Throughout the attack the bowels are generally costive, and the appetite defective, capricious or ravenous. Febrile reaction is not necessarily an attendant upon chorea, and when it does occur, is generally the result of gastro-intestinal irritation or some accidental affection. When the disease is very violent and protracted there in general occur great emaciation, a flaccid state of the muscles. great depression of strength, paleness and discoloration of the skin, and the other indications of impaired energy of the digestive and nutritive functions.

Pain, remarks, Dr. Churchill, is seldom complained of by patients affected with chorea, and but little general distress. Out of twenty cases related by Dufossé, eight suffered from slight headache, six from palpitations, and two from a pain, increased by pressure upon the spinous processes. Richard states that most of the girls he has seen affected with the disease presented a lateral curvature of the spine, and he seems inclined to attribute the chorea to an overstretching of the nerves.

The heart is, according to Dr. Todd (Lumlean Lectures, 1849), very frequently morbidly affected in chorea; and this morbid affection shows itself, not in. any disturbance of the rhythm of the heart, which, so far as his observation extends, never is affected, but in a derangement of its sounds. A bellows sound is frequently found, and is either aortic, systolic, when it is almost always an accompaniment of the anæmic state of the patient, or, much more frequently, mitral, systolic, or regurgitant. This condition of the cardiac sounds in chorea was described by Dr. Todd in the Croonean Lectures on the pathology of rheumatism in 1843. But to Dr. Addison, of Guy's Hospital, is due the merit of having first made known the morbid condition of the sounds of the heart in this disease.

Epilepsy and hemiplegia are not uncommon results of chorea. In many of the cases that have fallen under our notice the patients have died from tubercular meningitis-the lungs and serous tissues of the thorax and abdomen exhibiting, also, tubercular depositions.

According to Dr. Todd, the choreic convulsion is frequently suc ceeded by a paralytic state of the limbs previously convulsed; the paralysis is seldom complete, although considerable. When the choreic convulsion has affected one side, the paralysis will likewise affect the same side; it will be hemiplegic, and will resemble very closely hemiplegia from diseased brain, for which it is very apt to be mistaken by those not aware of the fact. We have occasionally met with this paralytic state as a consequence of violent attacks of chorea, but have not found it so common a sequel of the disease as stated by Dr. Todd.
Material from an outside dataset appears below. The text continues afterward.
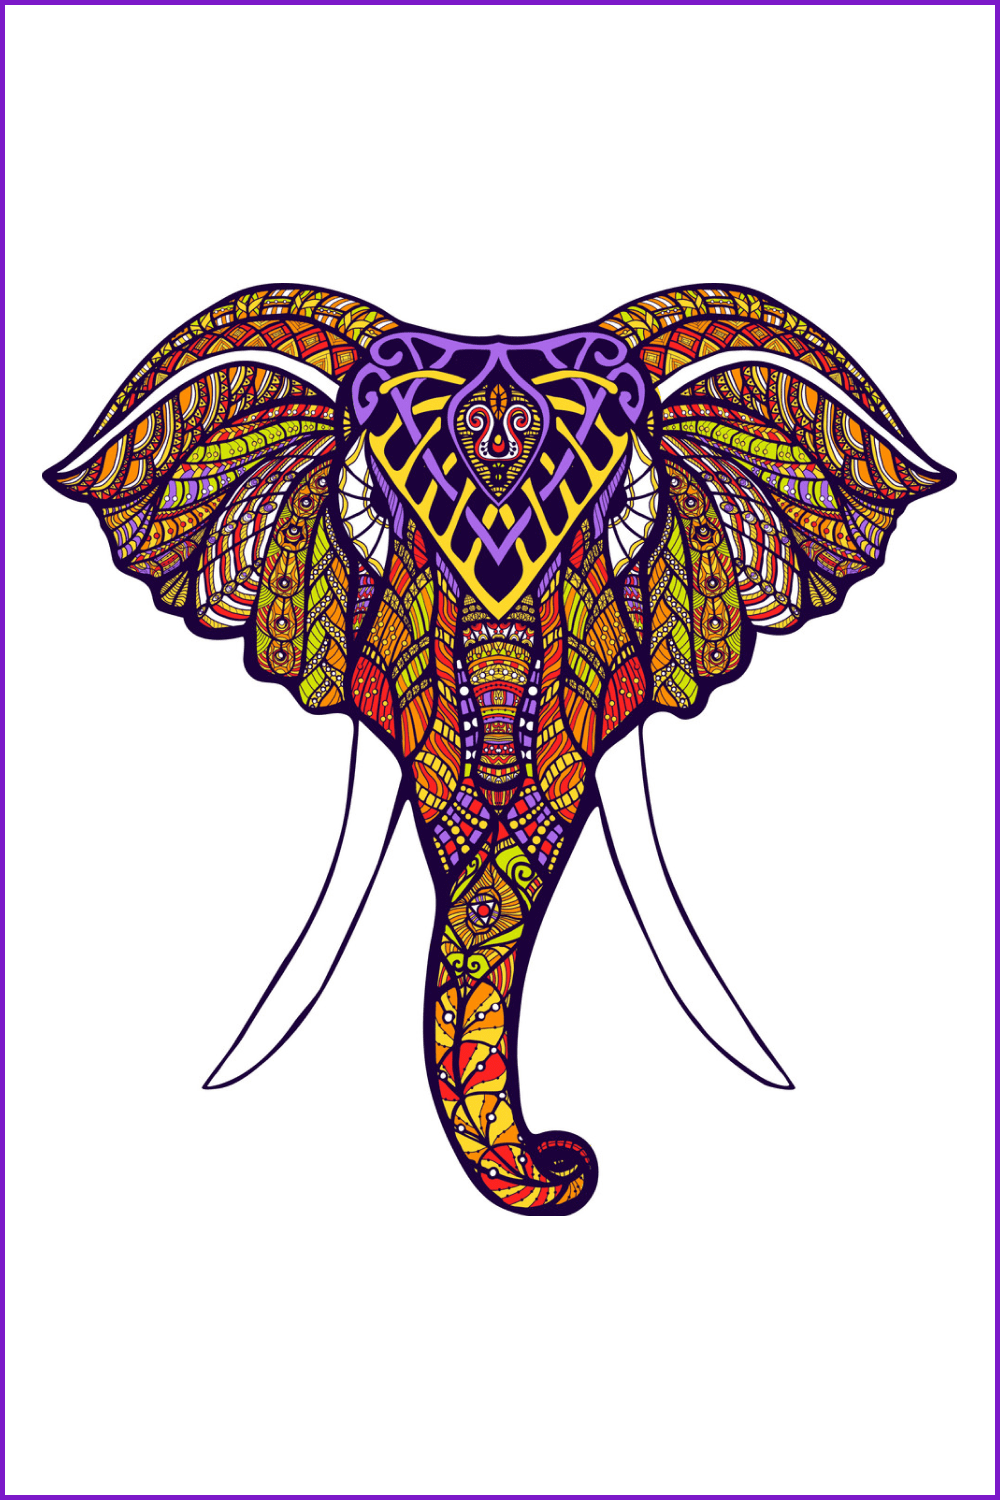 Colored elephant, which is painted with mandala elements.

Chorea has been defined by some writers to be an irregular motion of the muscles, when excited into action by the will; the disease consisting in a loss of the power of volition over their mode of actionthat is, of directing and combining their action, for the accomplishment of any particular movement. The disease, has, consequently, been supposed to result from some lesion of the cerebellum. This definition would, however, exclude a number of cases, in which the convulsive movements of the muscles certainly occur independently of the will, and unassociated with consciousness, differing from convulsions only in the orderly nature of the motions. Such are cases of malleation, in which the convulsive paroxysm consists, principally, in a constant striking the knees with one or both hands, as with a hammer; or of rotation of the whole or a part of the body, as in the case described by Watt, in an early volume of the Medico-Chirurgical Transactions. In this case the patient, a girl ten years of age, was seized with an irresistible propensity to turn round on her feet like a top, then to lie down, and roll rapidly backwards and forwards. In

a more advanced stage of her disease, while lying upon her back, she would bend herself up like a bow, by drawing her head and heels together, and then suddenly separate them, so as to cause the buttocks to fall with considerable force upon the bed; and repeat this continually, for hours. At a still later period she was seized with a propensity to stand upon her head, with her feet perpendicularly upwards. As soon as her feet gained the perpendicular all muscular action ceased, and her body fell as if dead, her knees first striking the bed, and her buttocks striking her heels; this was no sooner done than she instantly mounted up as before, and continued these evolutions, sometimes for fifteen hours consecutively, at the rate of twelve to. fifteen times in the minute. Rufz mentions a case in which the child threw itself out of bed, and crawled about the room like a worm.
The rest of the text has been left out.